Let's remember it was Odysseus who captured Helenus and gained the intelligence of how to defeat Troy. For all his machinations, Odysseus is not a traitor to the Greeks as Helenus was to his family and his people. He is tasked with reintegrating the most alienated Greek warrior (more even than Achilles!) for the larger good.

If we put these elements together, we have something like this:

  1. The task of persuading Philoctetes is the action of the play. 
  2. It is complicated by the fact that Odysseus was the perpetrator of the original abandonment of Philoctetes.
  3. Yet Odysseus is the most capable man for the job.
  4. The outcome of the Trojan War, and, possibly, of the Greek world, hangs on whether Philoctetes can be turned around to return and fight for those who threw him away.

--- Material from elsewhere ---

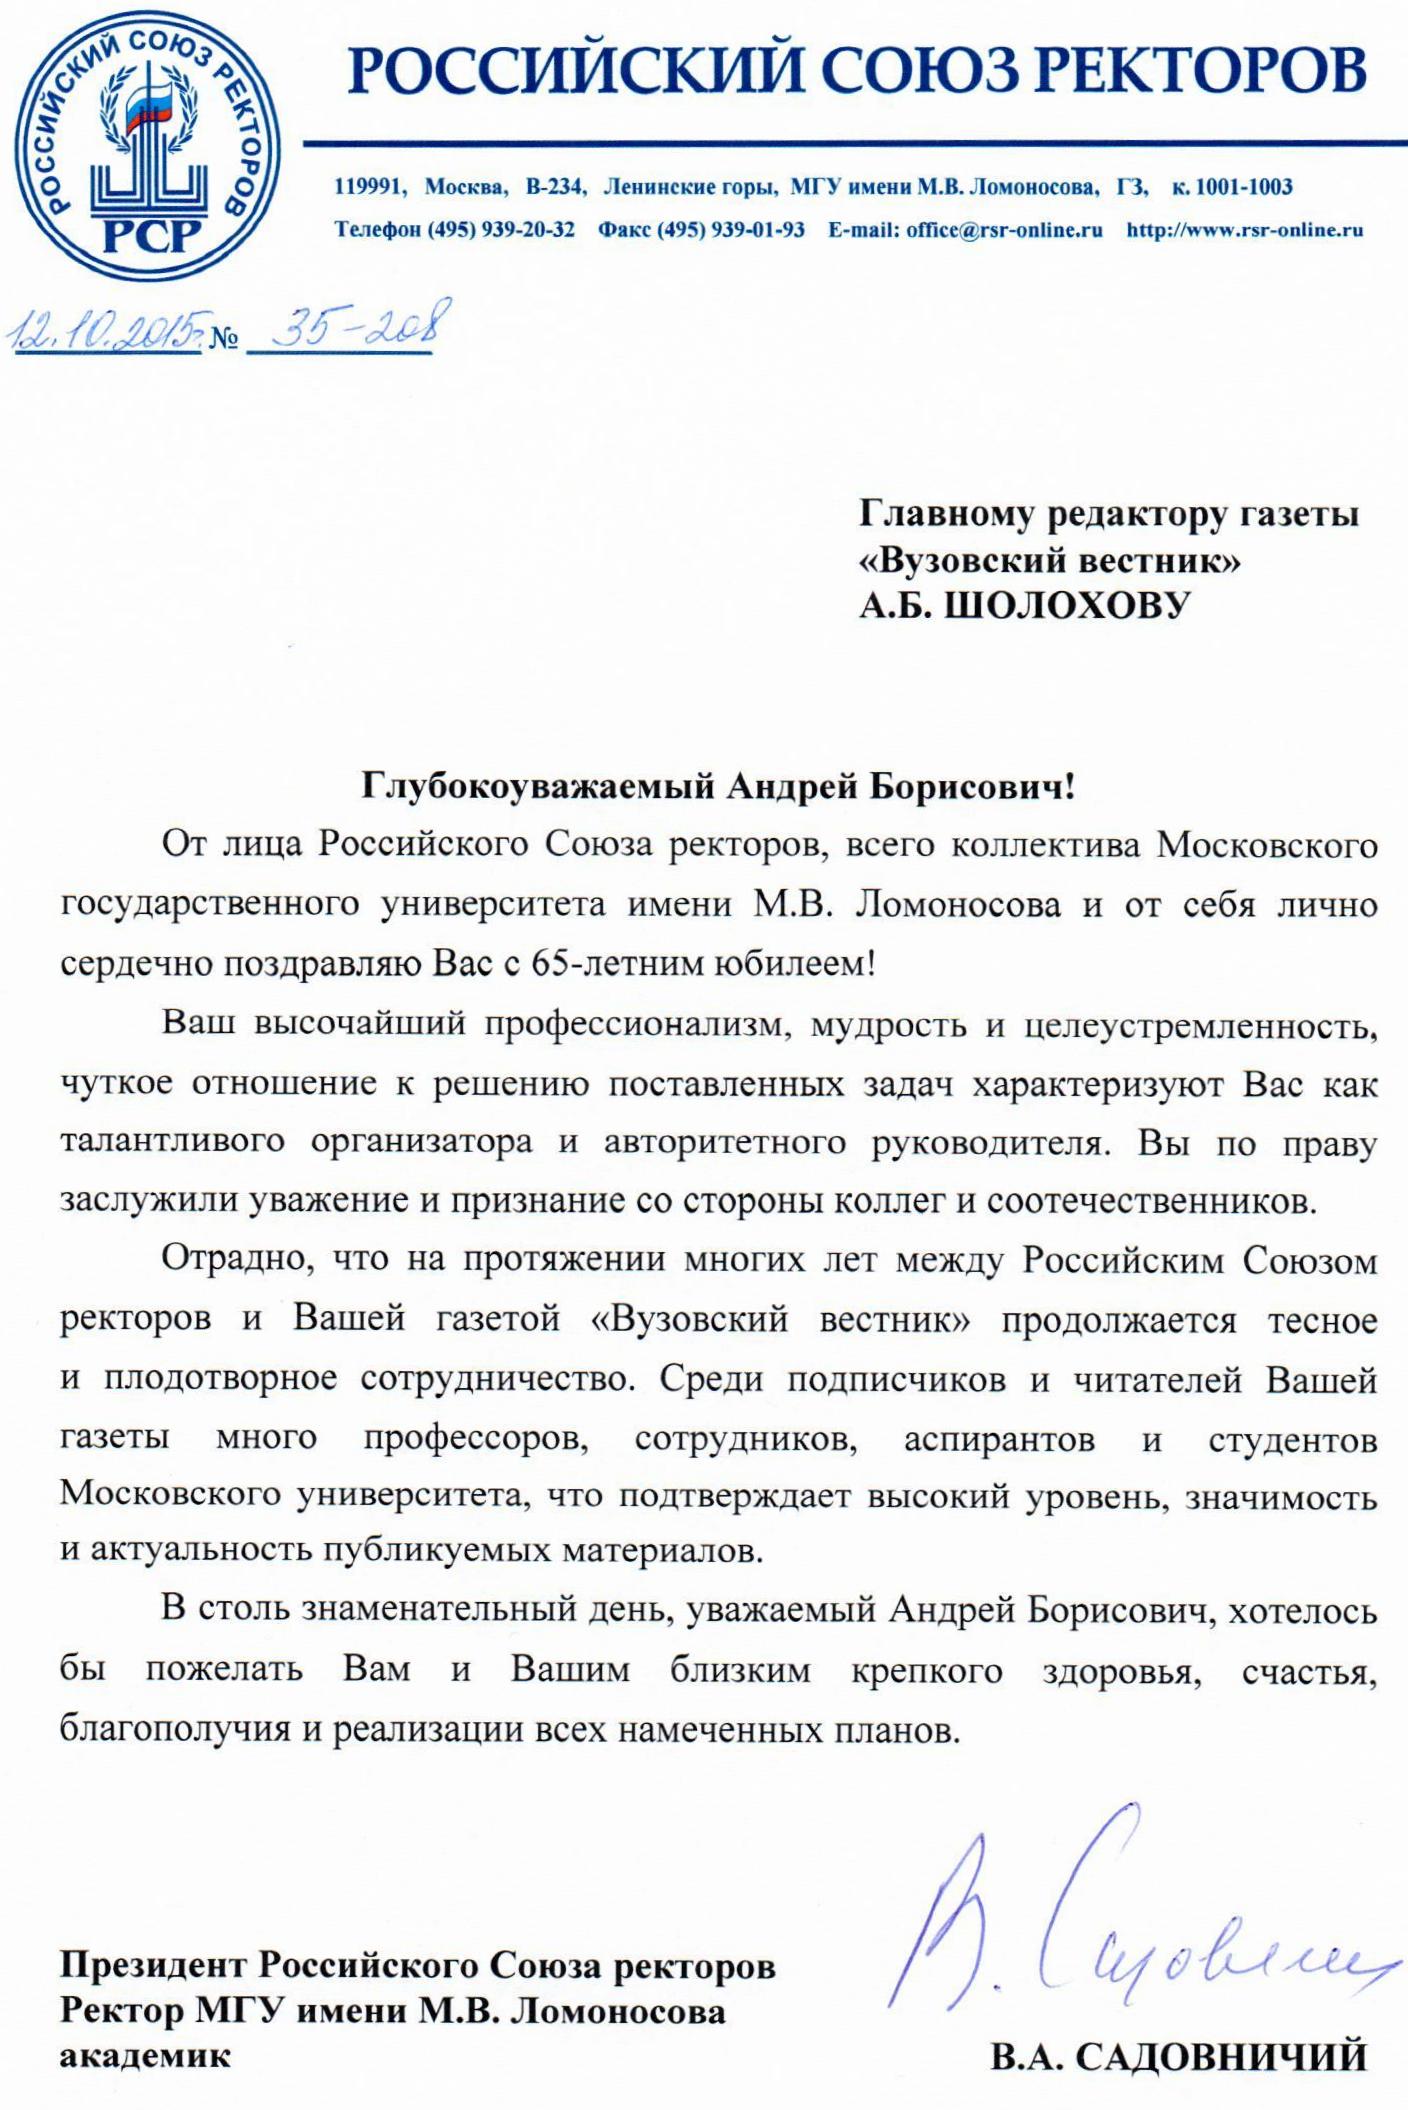 Кравченко поздравил «Парламентскую газету» с днем рождения

In a word, what Sophocles has staged is a duel with everything at stake. If Philoctetes is the immovable object, the power of Odysseus's rhetorical and theatrical skills is the irresistible force. When we look more closely at the play's structure, we'll find the stratagems to persuade Philoctetes are scrupulously explored from every angle.

Over and over, variants of the word for persuasion (πείθω) include power, trust, truth and even obedience. Here's Neoptolemus:

What can I do, then if my pleading lacks power [δυνησόμεσθαto persuade [πείσειν] you of anything that I say? [1395]
τί δῆτ᾽ ἂν ἡμεῖς δρῷμενεἰ σέ γ᾽ ἐν λόγοις  
πείσειν δυνησόμεσθα μηδὲν ὧν λέγω 

Without the use of force, doing and saying are all that Odysseus and Neoptolemus have to work with, aren't they?

The duel of Odysseus and Philoctetes is the agon of truth and lie, of rhetoric and reality. It yields this playwright's mature meditation on the powers and limitations of words, deeds, trust, knowledge and illusion. We'll look at how this plays out in another post.